Work instructions
From the first line below to the last, reproduce the material exactly and leave out the images.

Data shown
====================
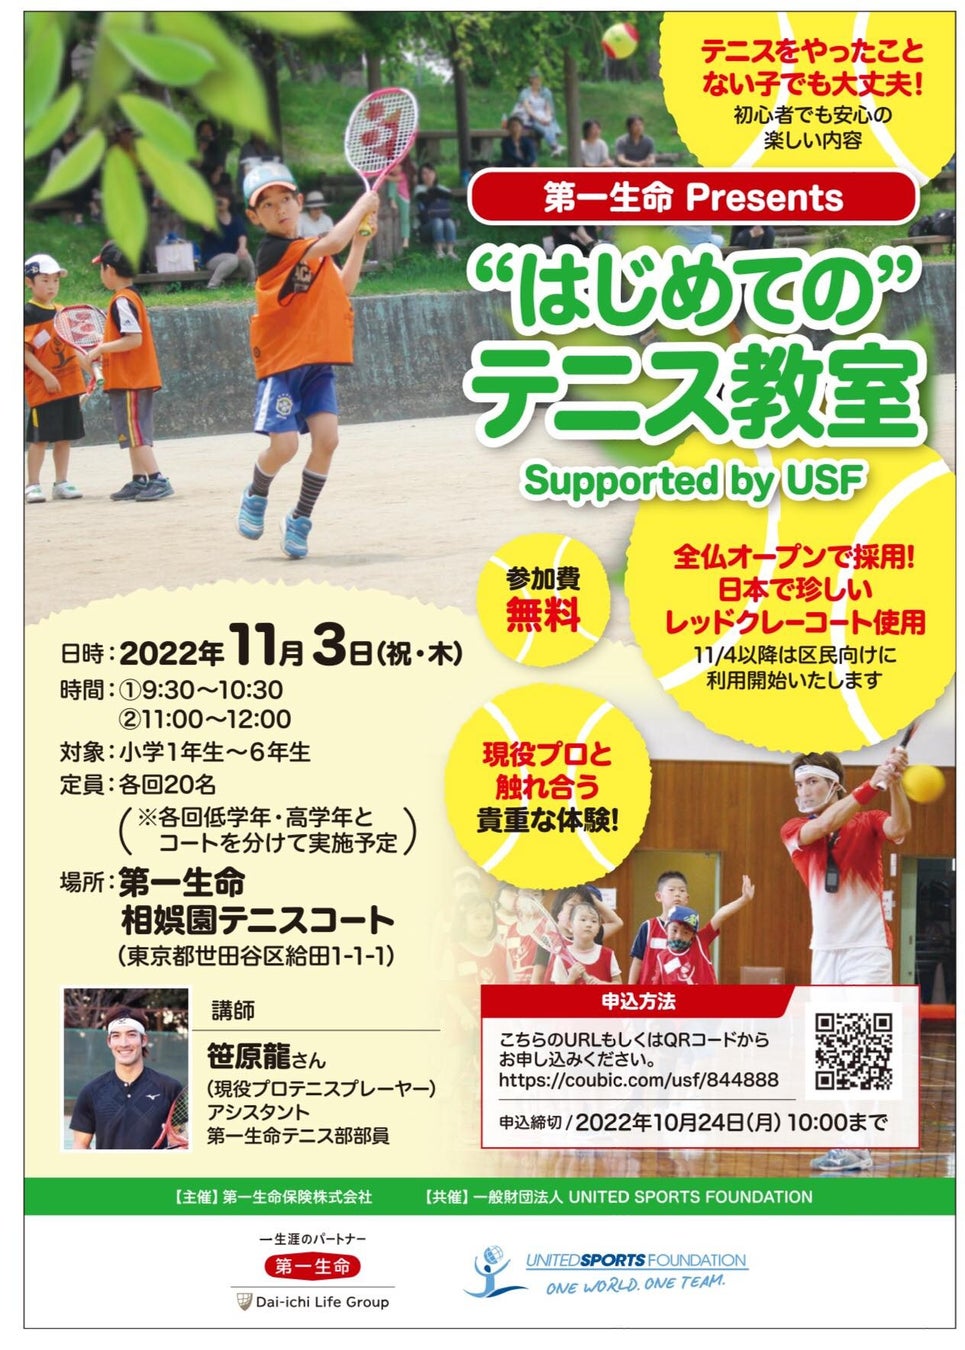 プロテニスプレイヤー笹原龍が、屋外型として日本初のレッドクレーコートで開催されるテニス教室の講師に就任！
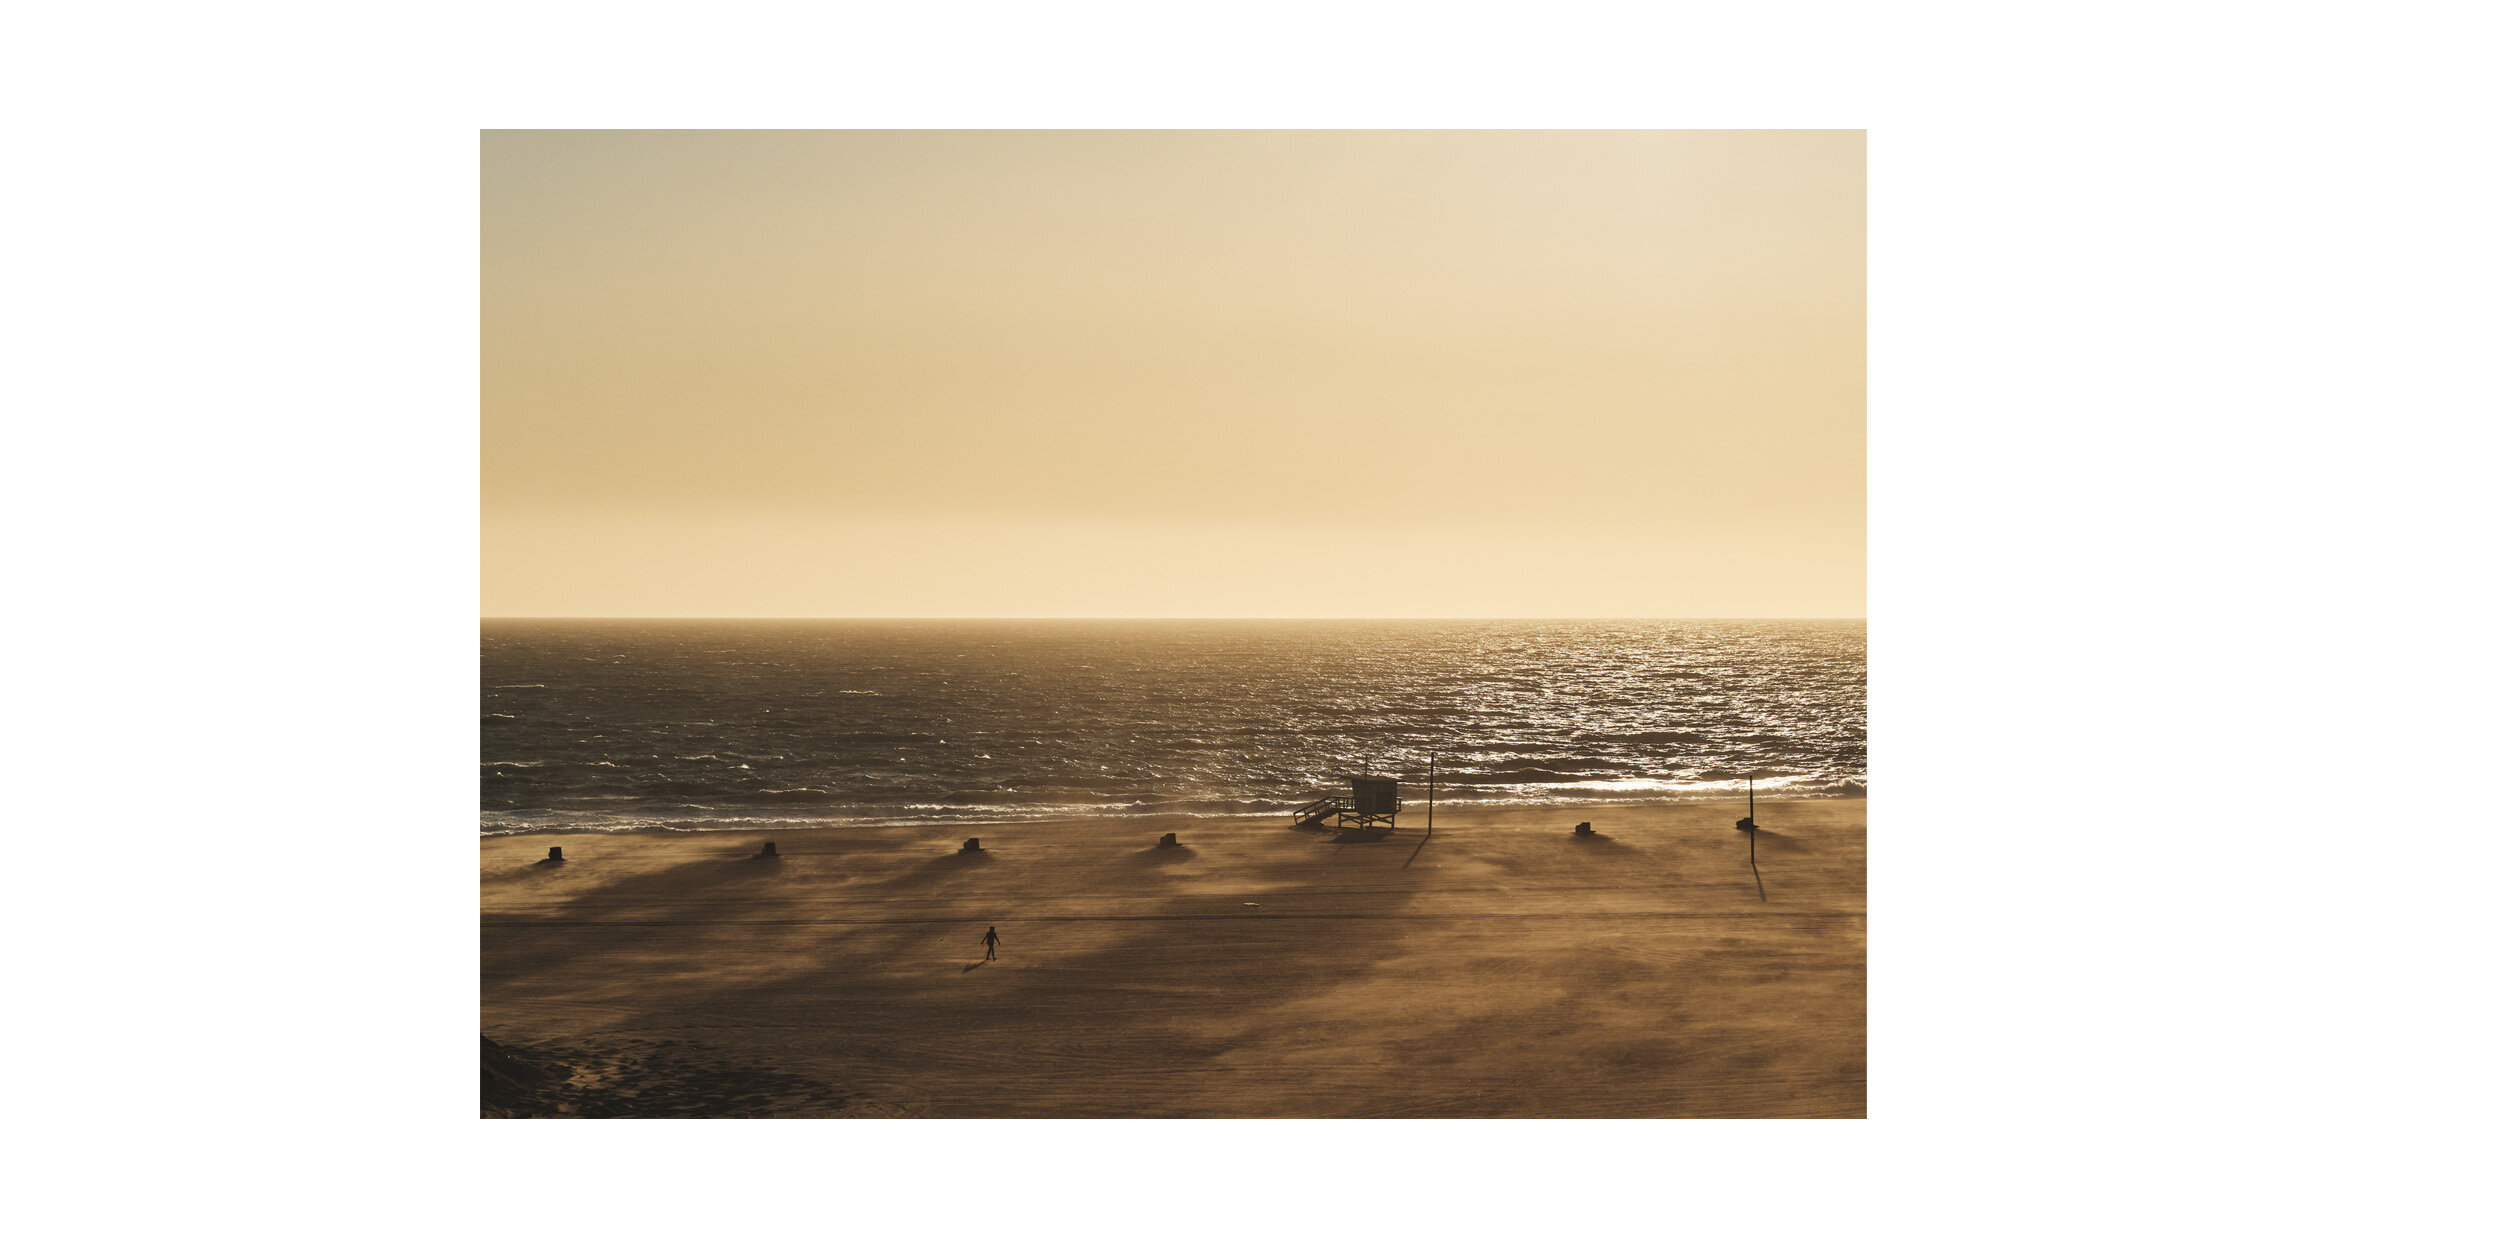  Santa Monica Beach during the coronavirus pandemic - THE NEW YORK TIMES 
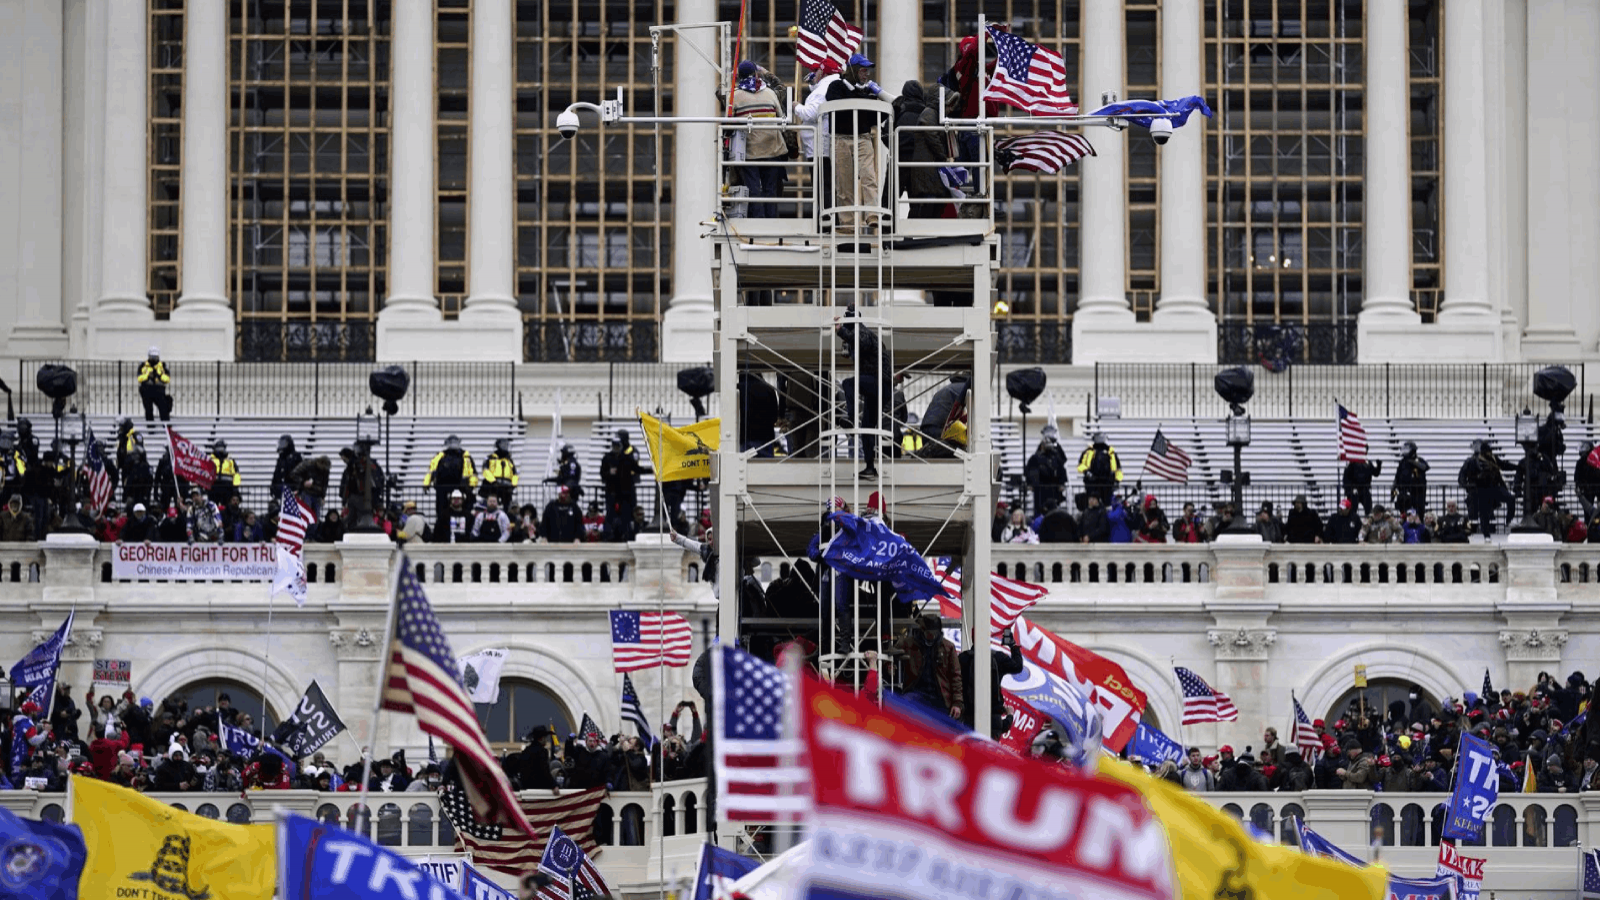 Vista de seguidores del expresidente de EE.UU. Donald Trump mientras intentan ingresar a la fuerza al Capitolio, sede del Congreso estadounidense, el 6 de enero de 2021.
====================
Output for this exercise
 プロテニスプレイヤー笹原龍が、屋外型として日本初のレッドクレーコートで開催されるテニス教室の講師に就任！
  Santa Monica Beach during the coronavirus pandemic - THE NEW YORK TIMES 
 Vista de seguidores del expresidente de EE.UU. Donald Trump mientras intentan ingresar a la fuerza al Capitolio, sede del Congreso estadounidense, el 6 de enero de 2021.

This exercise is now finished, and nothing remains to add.